The feeling of each Wild Sonnet is meant to sound something like a soliloquy – as if it were an utterance coming just after a striking thought or situation. There is a stream-of-conscious sense to the flow of each stanza, a fretwork of association that circles back upon itself. The transition from the first to second stanza is meant to be bit of a break, a moving forward from the initial idea in an unexpected direction.

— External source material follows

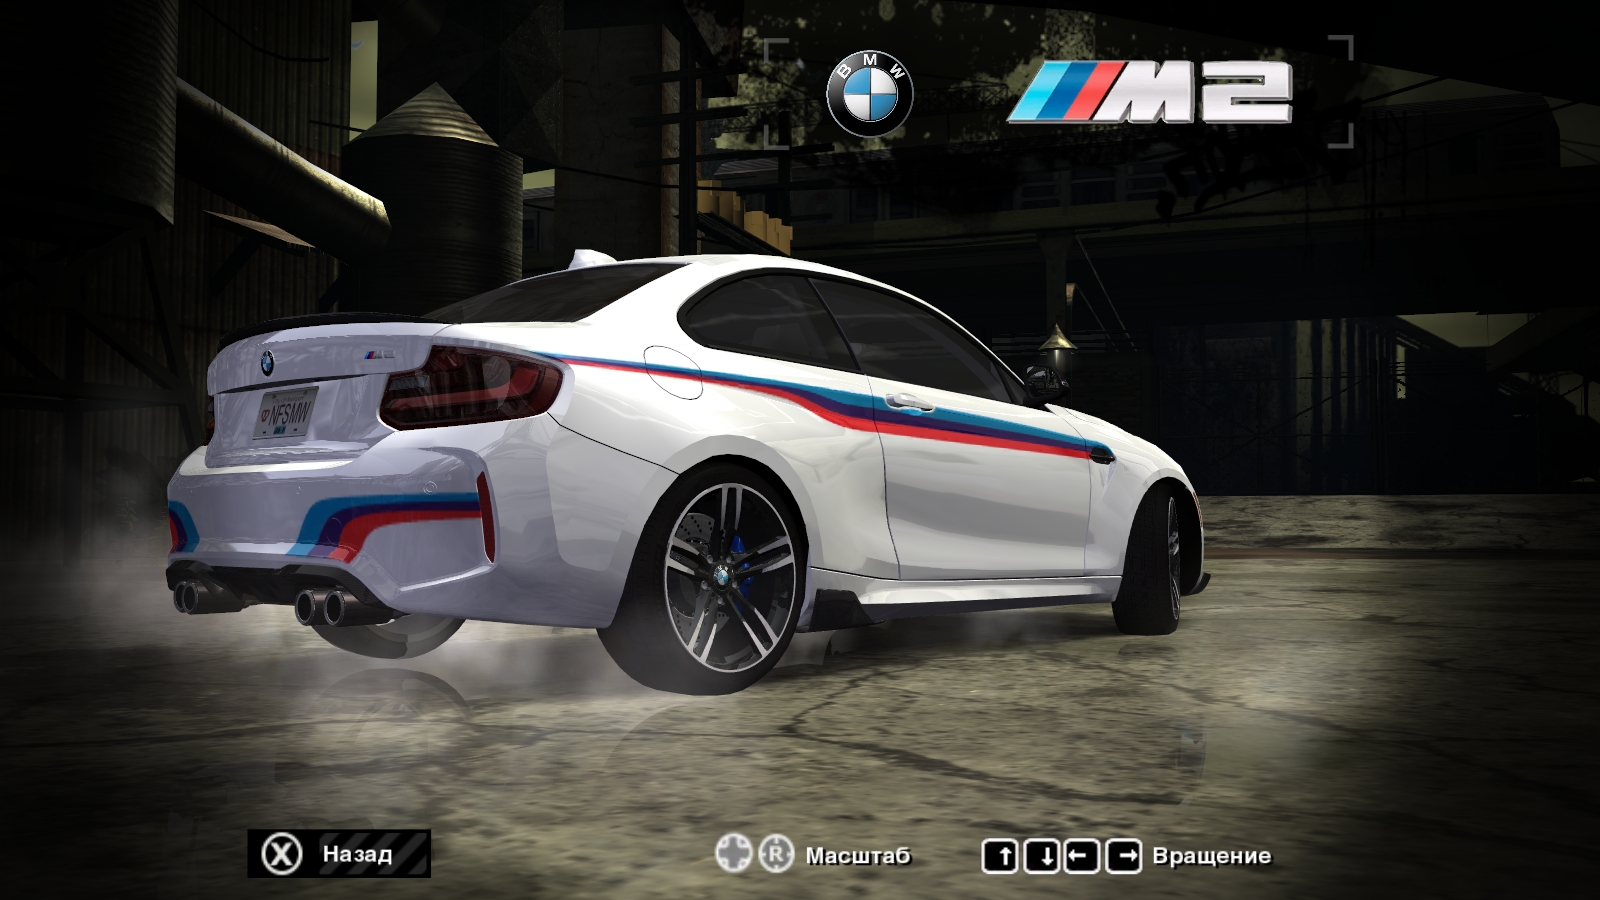 BMW M2 "M performance" livery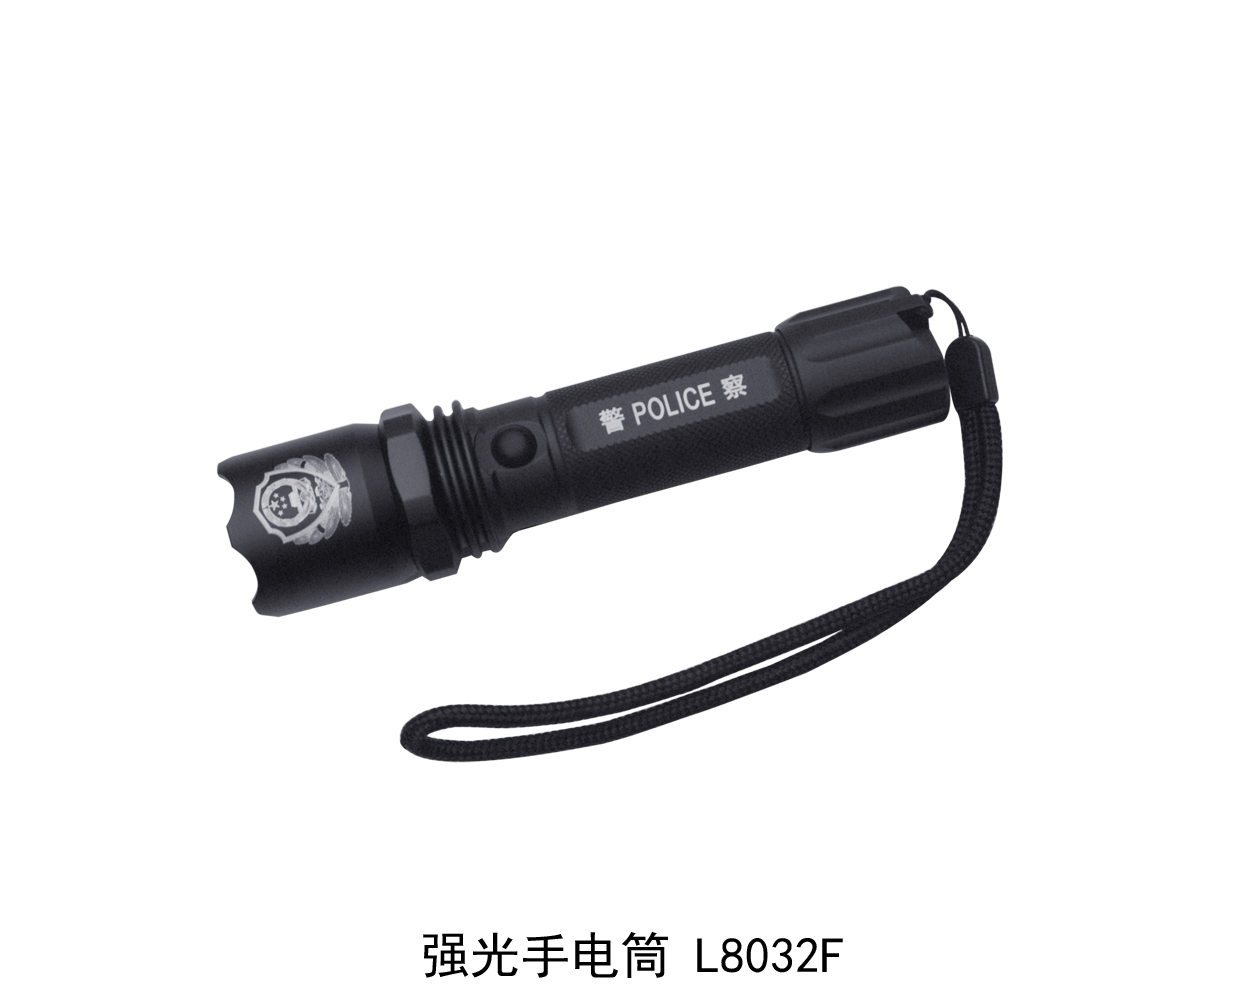 L8032F The strong light flashlight

The structure and sensibility of The Wild Sonnets are influenced by great poets of the past, most notably: William Shakespeare, Emily Dickinson, Dylan Thomas, e.e. cummings, Gerard Manley Hopkins and John Donne.
THEATER & POETRY
Most of my years leading up to The Wild Sonnets were spent in the theater. I ran a classical theater company in Cincinnati, OH which staged over 23 productions in the city's main arts center. I also studied acting at the National Shakespeare Conservatory in NYC. I mention this because I endeavor to bring a real sense of drama to each of these brief, 14-line poems, and there is an echoing sense of soliloquy in nearly every one of the Wild Sonnets.
The Pivot Back to Poetry
In 2015, a verse comedy of mine, Delirium's Daughters, ran Off-Broadway for two months in 2015. As extraordinary and exhilarating as the experience was, I realized that unless another company decided to produce the work, no one would see it. I decided then I wanted to create a body of work that people could experience anytime and anywhere. I decided to return to focusing on poetry. I had always thought of creating a unique and personal version of the classical sonnet form. And so, the following year in 2016, the Wild Sonnet was born.